= Francisco Xavier Villarroya =

Jesuit missionary in New Spain

Francisco Xavier Villarroya (1734–1768) was a Jesuit missionary to New Spain.

== Biography ==

Villarroya was born in Villarroya de los Pinares, Spain, on November 20, 1734. Along with his close friend and fellow Jesuit, Custodio Ximeno, Villarroya traveled to Sonora in the spring of 1763. The two men were also accompanied by Juan Claudio de Pineda, the new governor of Sonora.

Villarroya was initially assigned to Missions Los Siete Príncipes del Átil and San Pedro y San Pablo del Tubutama. In August 1763, he was reassigned to Mission Nuestra Señora de los Remedios de Banámichi. Over the next few years, he served intermittently at Banámichi, Mission Santa María de Bacerac, and Mission San Miguel de Ures.

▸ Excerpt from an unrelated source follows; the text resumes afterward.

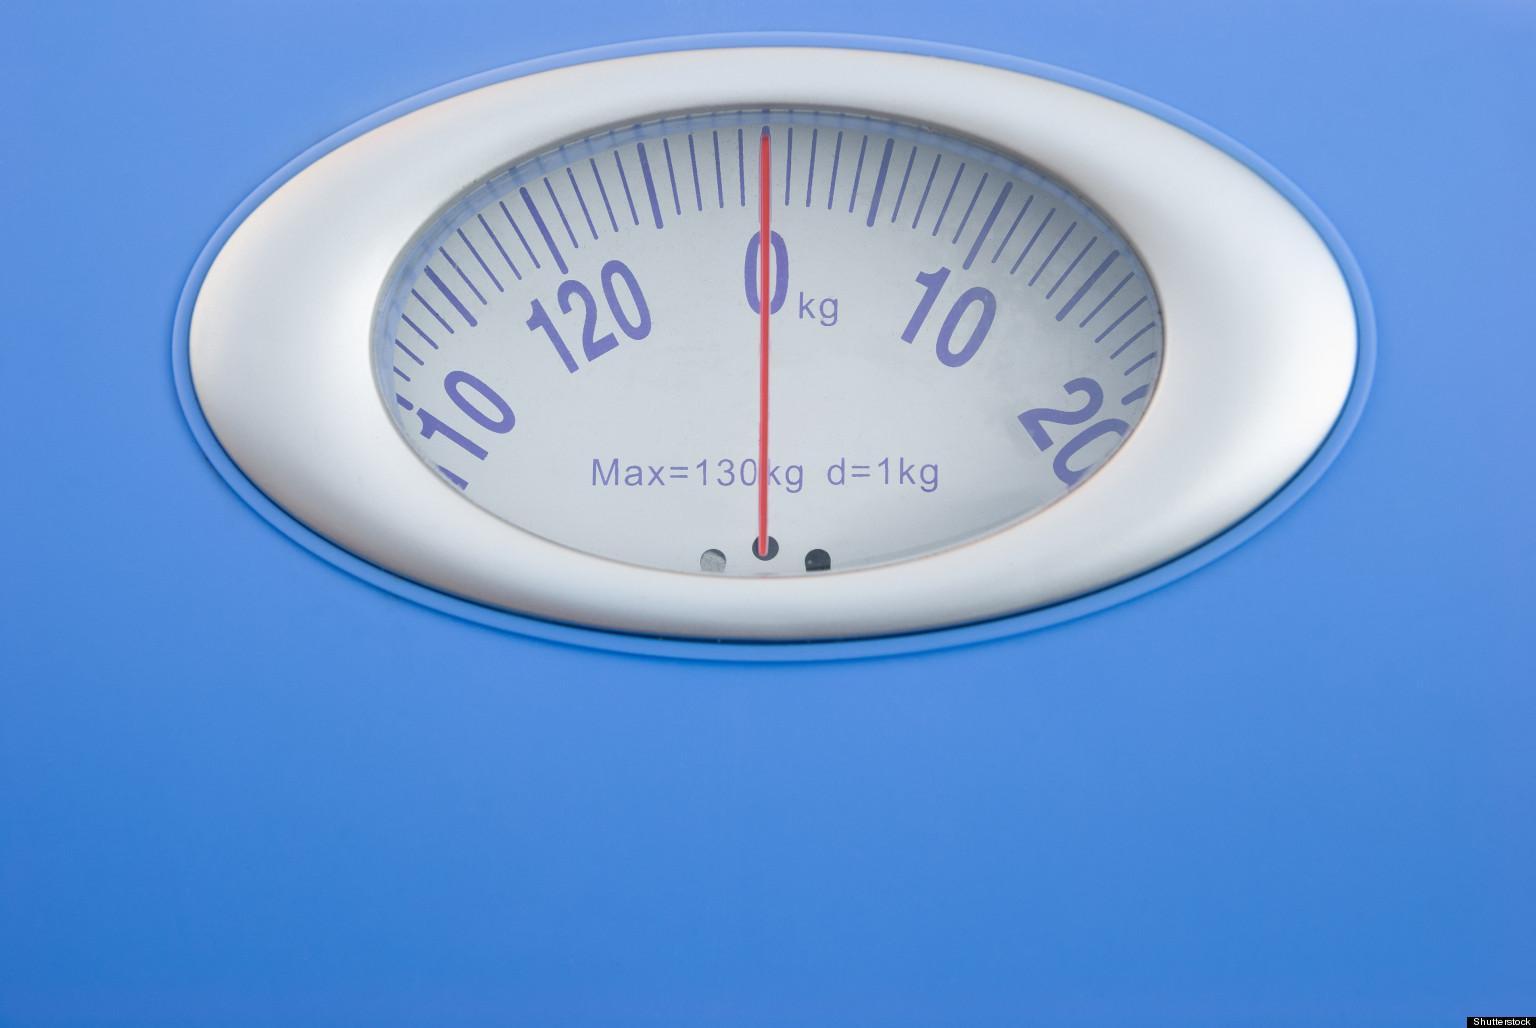 Weight loss trokendi xr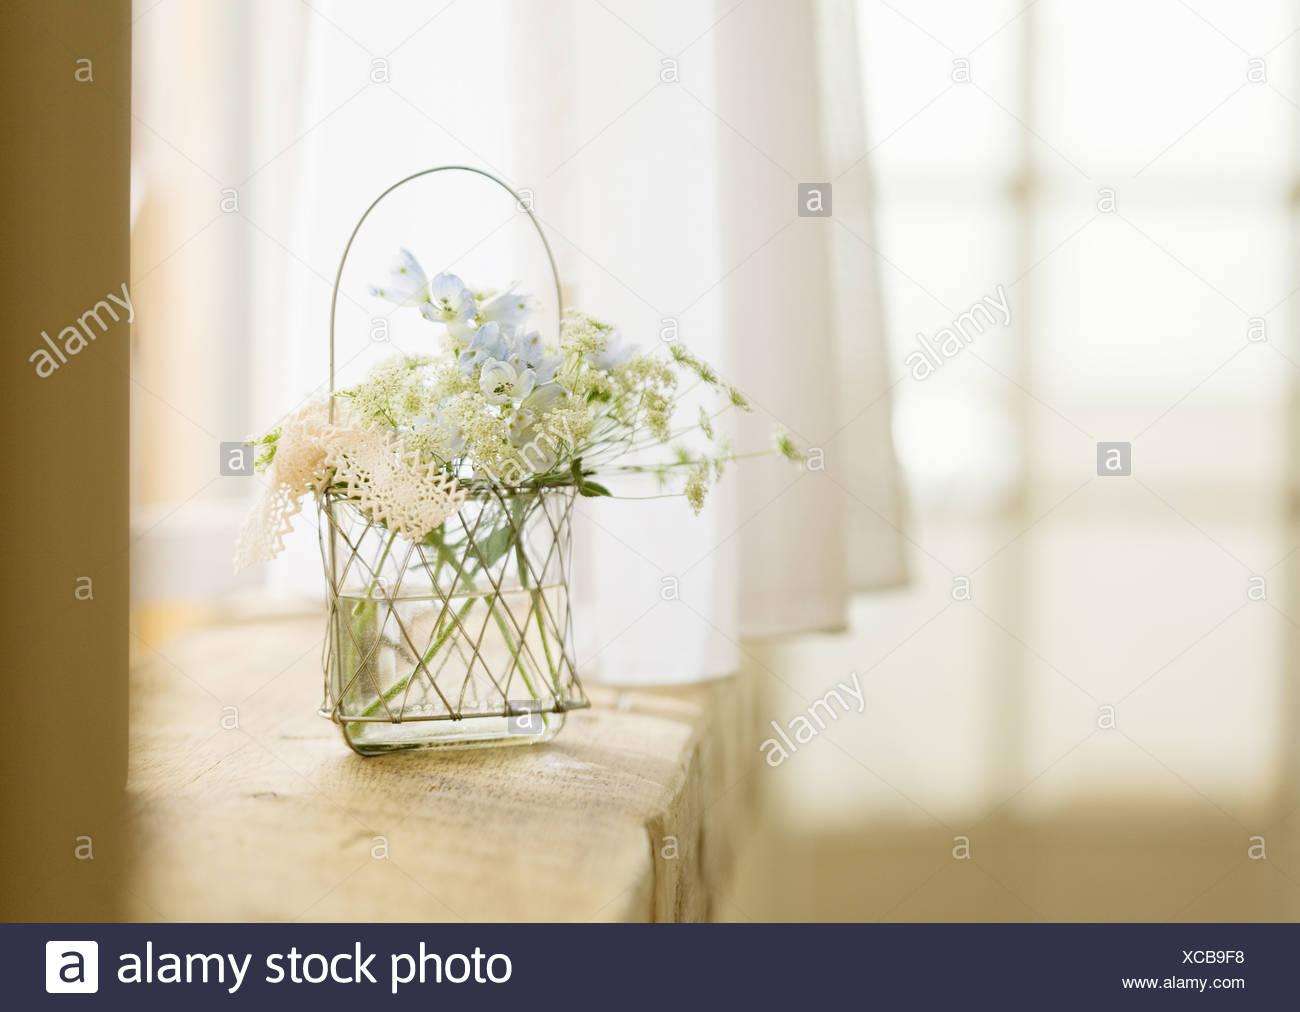 Flower arrangement - Stock Image

In July 1767, Spanish soldiers from Presidio Santa Gertrudis del Altar arrived to carry out the orders of Charles III by expelling the Jesuits from Mexico. Along with about fifty other Jesuits, Villarroya was escorted to a church in Mátape, near Hermosillo. From there, the soldiers took them to Guaymas, down the Gulf of California, through Tepic, and to Guadalajara. Many of the Jesuits died on the way, including Villarroya, who died on September 1, 1768, in Ixtlán del Río.